| WHAT IS REQUIRED |
What you return must match the listing below exactly, minus any pictures.

| THE DATA |
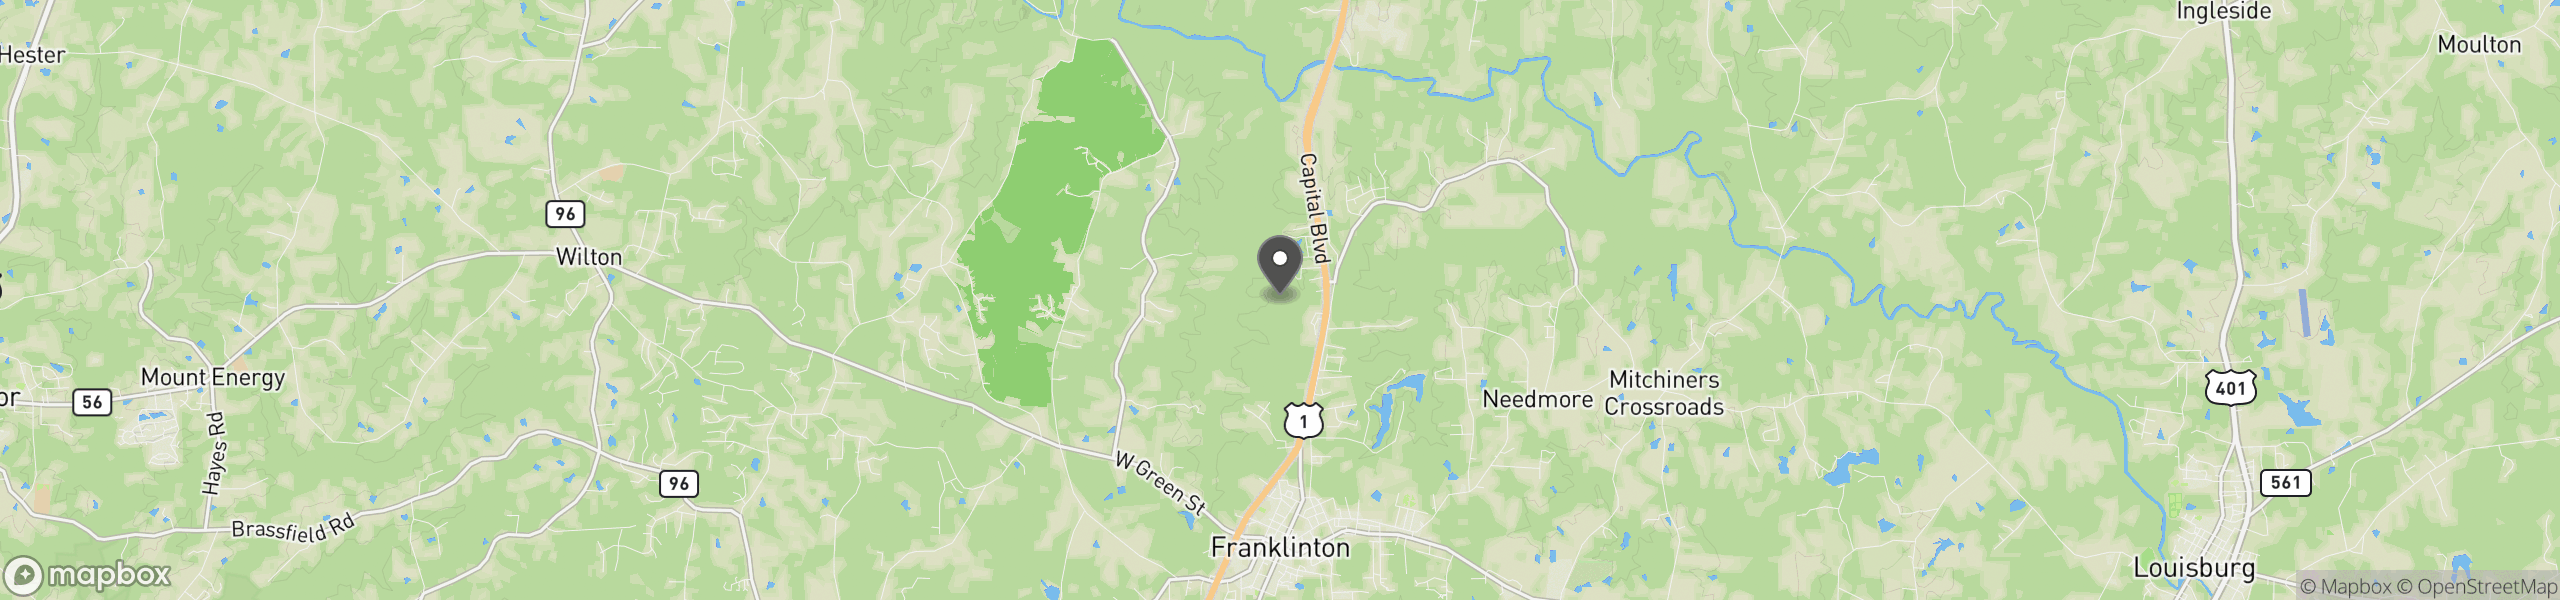 Franklinton, NC 27525
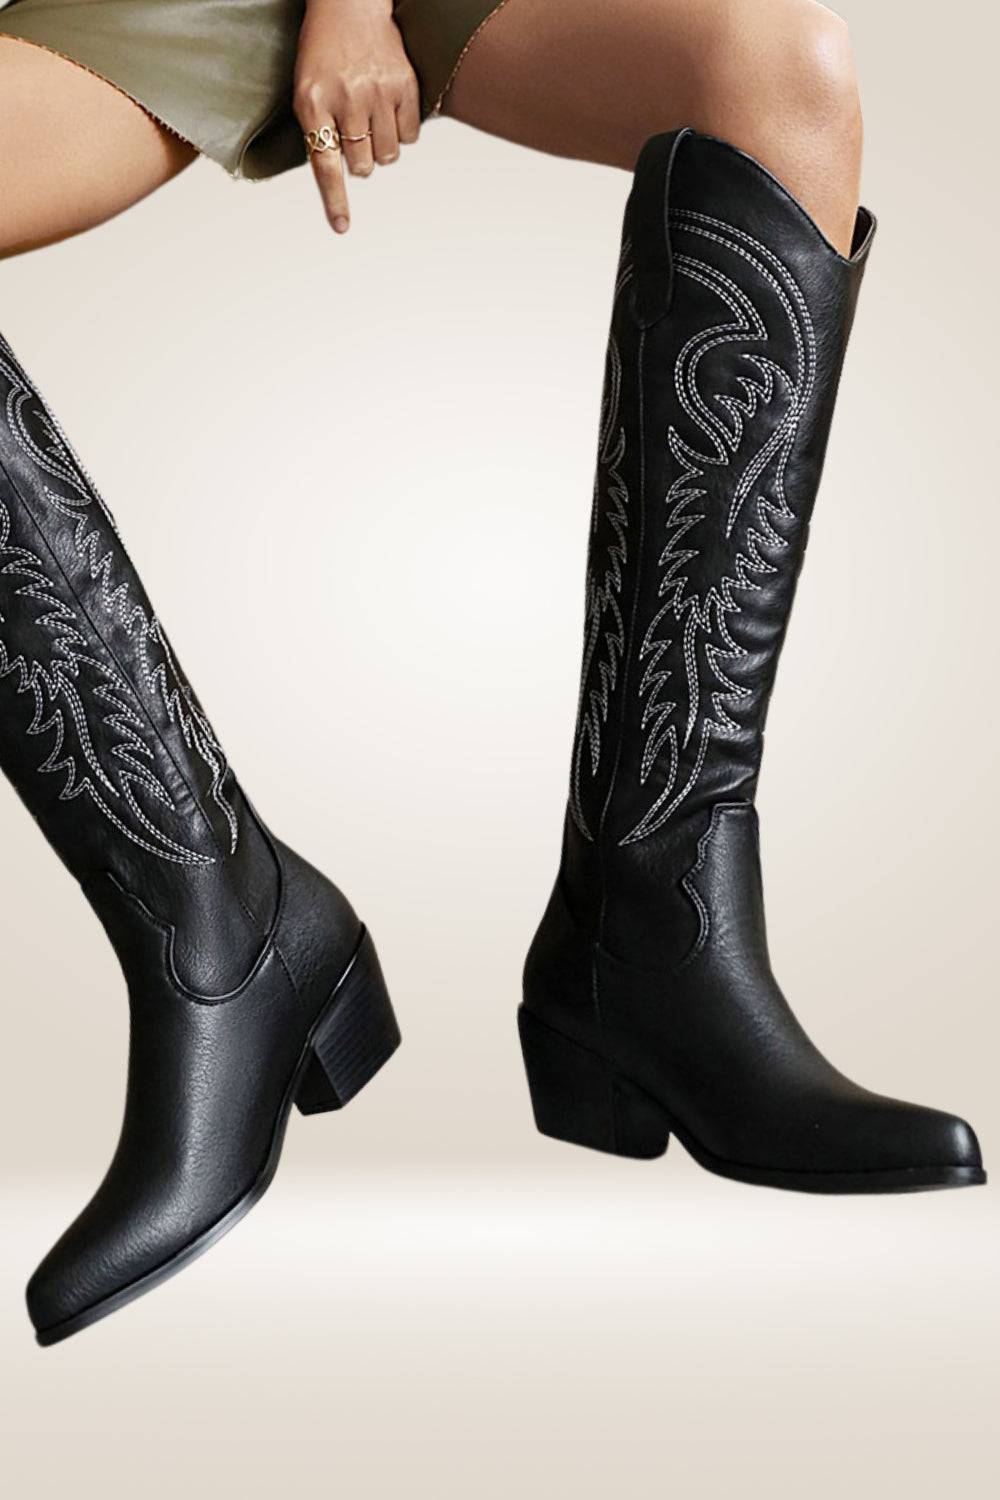 Knee High Black Cowboy Boots - TGC Boutique - Cowboy Boots
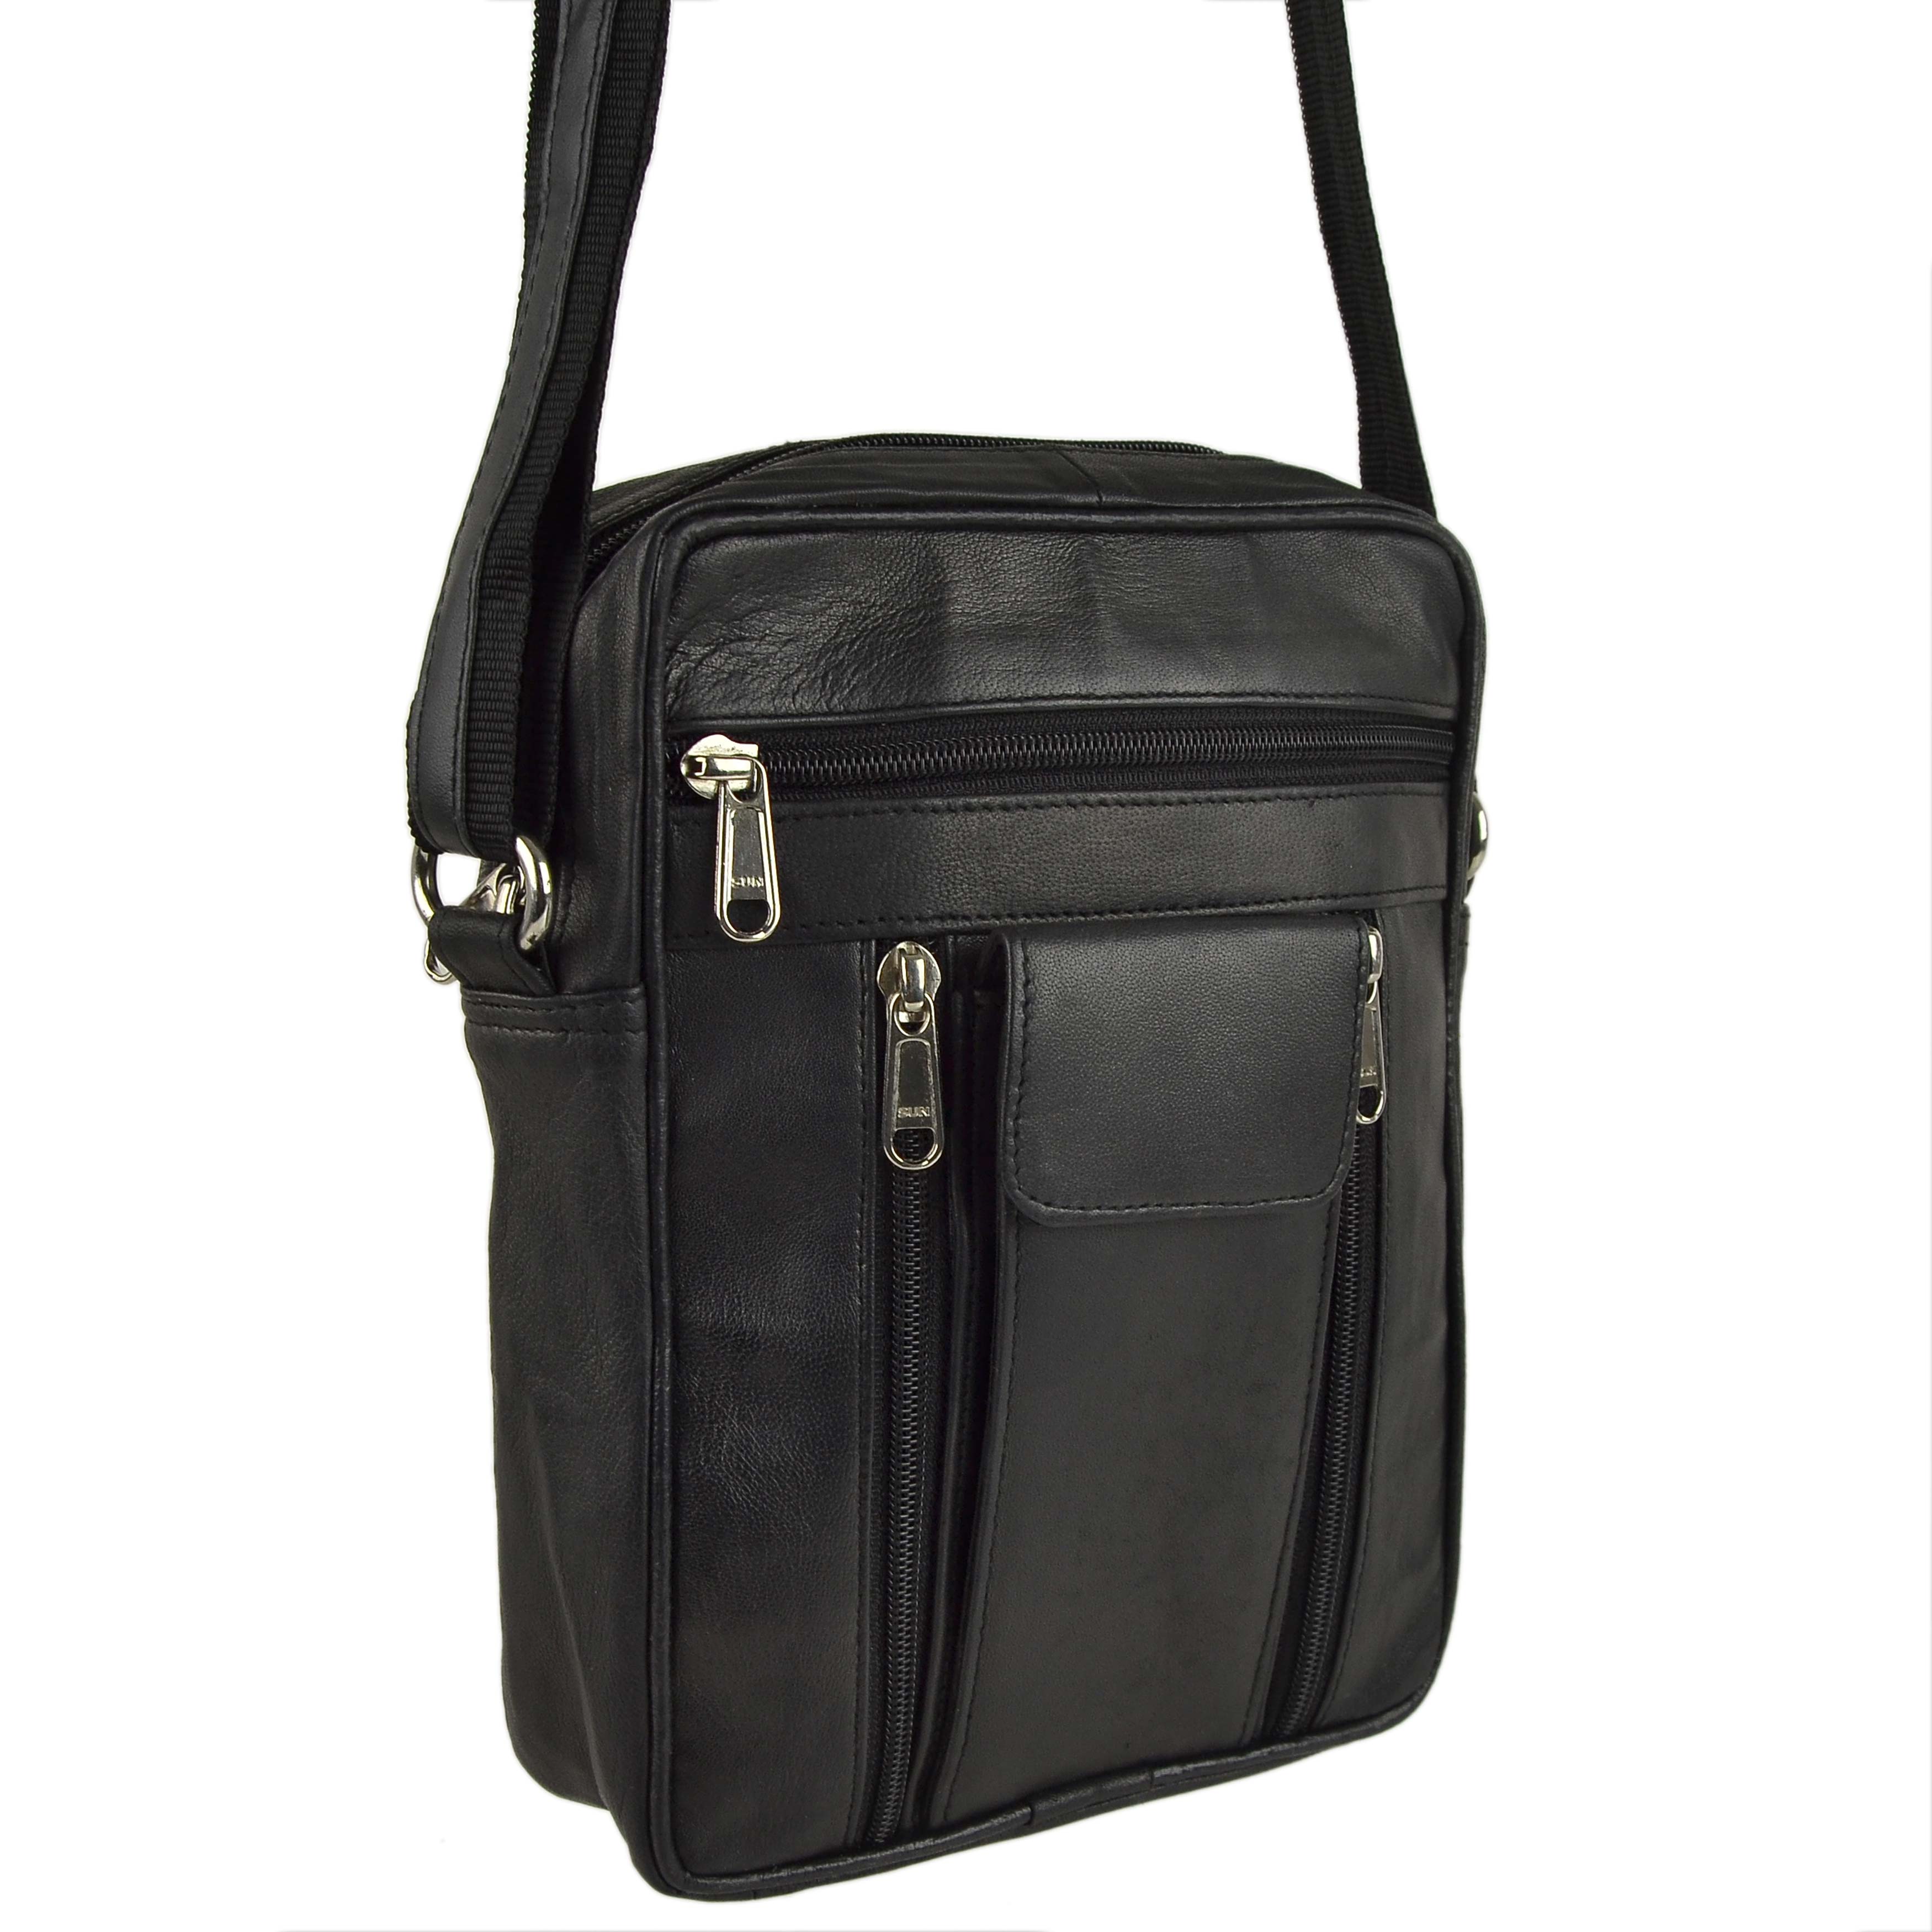 Gents Black Leaher Handy Cross Body Travel Bag Man Bag by Prime Hide ...

| SOLVED PROBLEM |
 Franklinton, NC 27525
 Knee High Black Cowboy Boots - TGC Boutique - Cowboy Boots
 Gents Black Leaher Handy Cross Body Travel Bag Man Bag by Prime Hide ...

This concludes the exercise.